The most recent Surviving Sepsis Guidelines recommend empiric combination therapy targeting Gram‐negative bacteria, particularly for patients with known or suspected Pseudomonas infections, as a means to decrease the likelihood of administering inappropriate initial antimicrobial therapy.10 However, the selection of an antimicrobial regimen that is active against the causative pathogen(s) is problematic, as the treating physician usually does not know the susceptibilities of the pathogen(s) for the selected empiric antibiotics. Therefore, we performed a study with the main goal of determining whether resistance to the initially prescribed antimicrobial regimen was associated with clinical outcome in patients with severe sepsis attributed to Gram‐negative bacteremia.

Materials and Methods

Study Location and Patients

This study was conducted at a university‐affiliated, urban teaching hospital: Barnes‐Jewish Hospital (1200 beds). During a 6‐year period (January 2002 to December 2007), all hospitalized patients with a positive blood culture for Gram‐negative bacteria, with antimicrobial susceptibility testing performed for the blood isolate(s), were eligible for this investigation. This study was approved by the Washington University School of Medicine Human Studies Committee.

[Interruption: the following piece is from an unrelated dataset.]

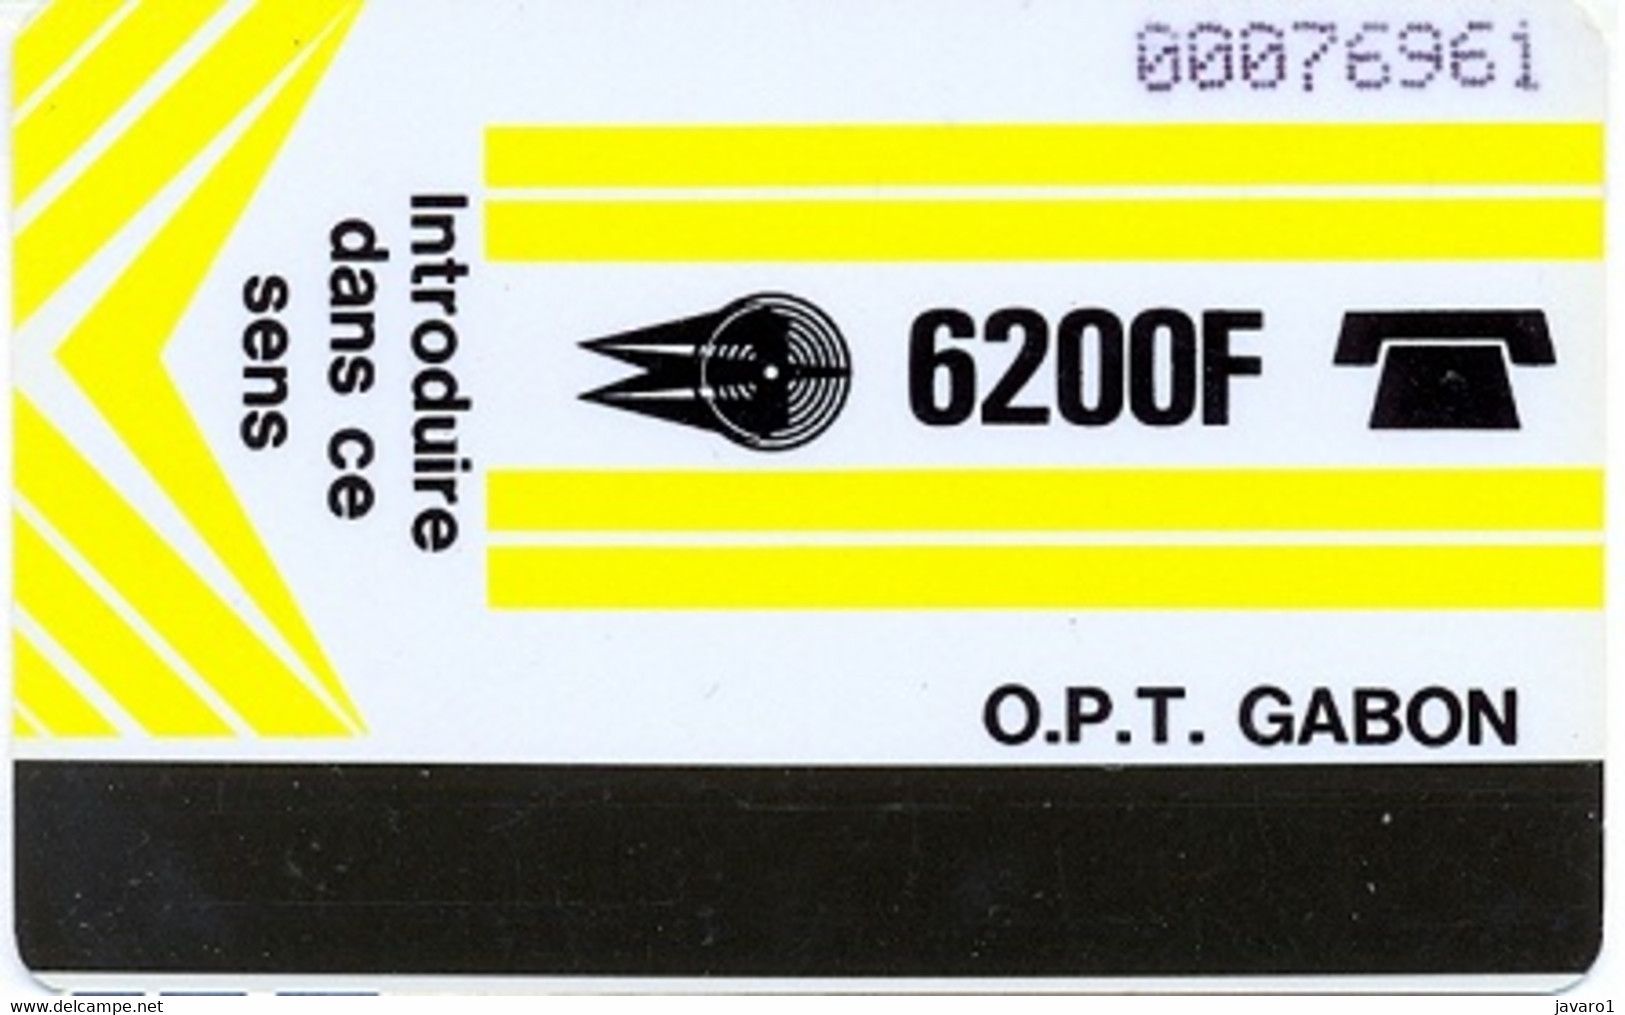 GABON : GAB04A 6200 F, Rev.= (SCORE)slashed 0 USED - Gabun
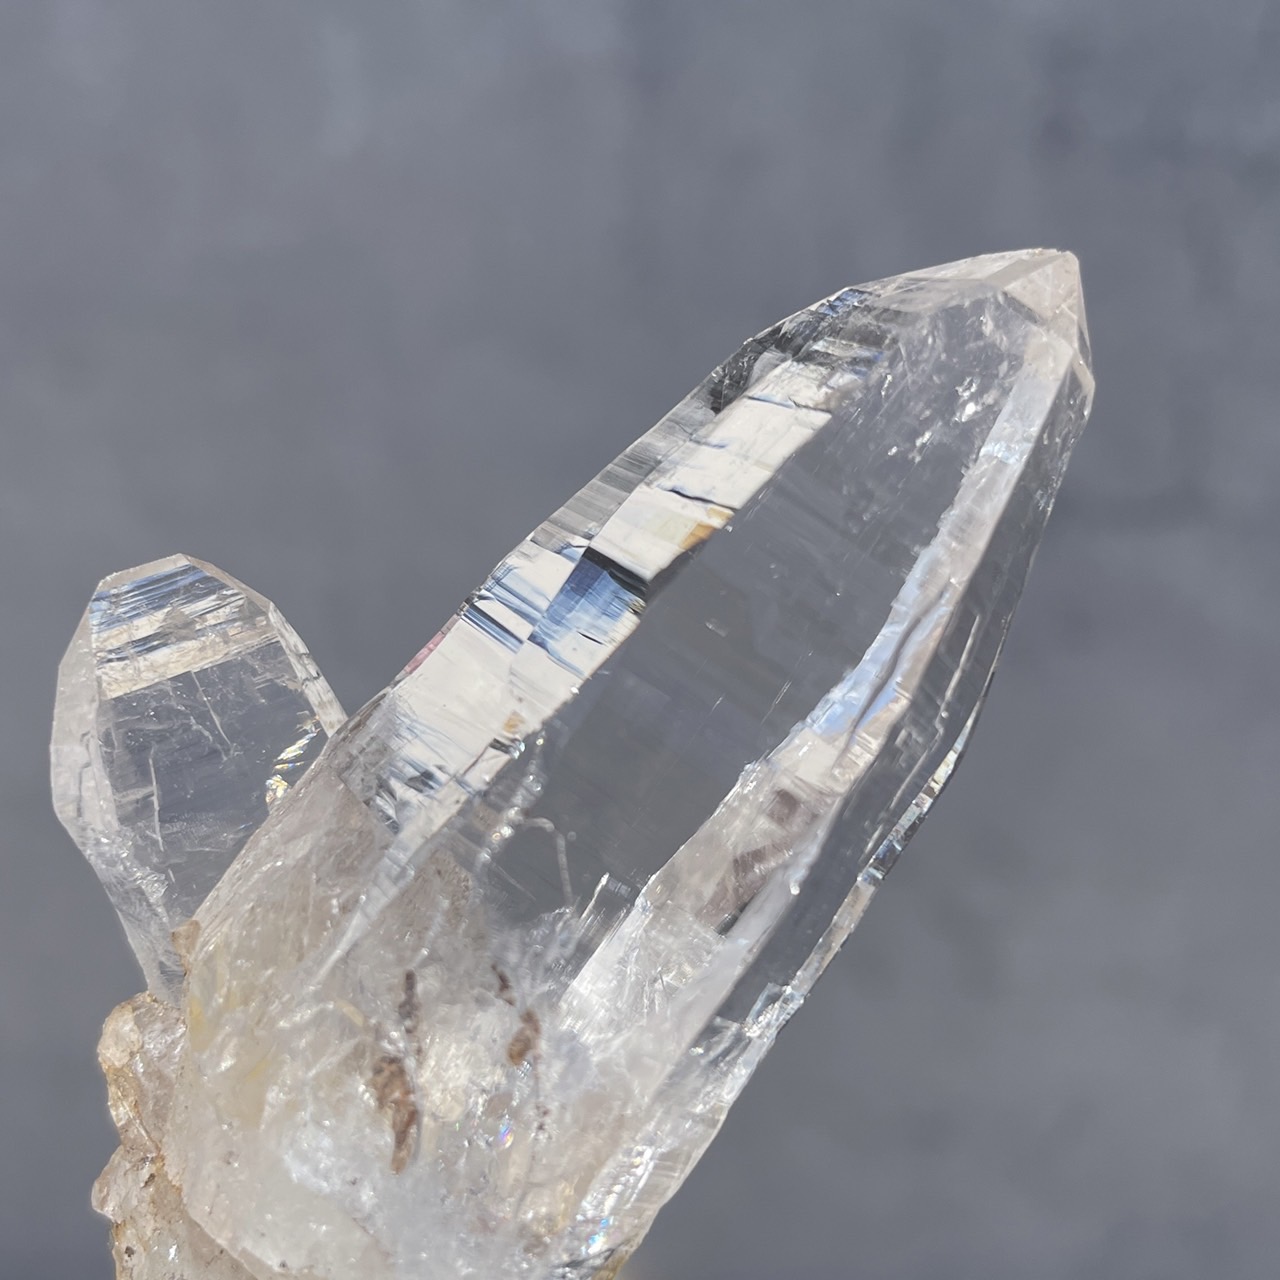 「最強」の水晶として名高い、ガネーシュヒマール水晶を入荷しました。

Study Design and Data Collection

A retrospective cohort study design was employed. Two investigators (J.A.D., R.M.R.) identified potential study patients by the presence of a positive blood culture for Pseudomonas aeruginosa, Acinetobacter species, or Enterobacteriaceae (Escherichia coli, Klebsiella species, Enterobacter species) combined with primary or secondary International Classification of Diseases (ICD‐9‐CM) codes indicative of acute organ dysfunction, at least two criteria from the systemic inflammatory response syndrome (SIRS),10 and initial antibiotic treatment with either cefepime, piperacillin‐tazobactam, or a carbapenem (imipenem or meropenem). These antimicrobials represent the primary agents employed for the treatment of Gram‐negative infections at Barnes‐Jewish Hospital during the study period, and had to be administered within 12 hours of having the subsequently positive blood cultures drawn. Based on the initial study database construction, 3 investigators (E.C.W., J.K., M.P.) merged patient‐specific data from the automated hospital medical records, microbiology database, and pharmacy database of Barnes‐Jewish Hospital to complete the clinical database under the auspices of the definitions described below.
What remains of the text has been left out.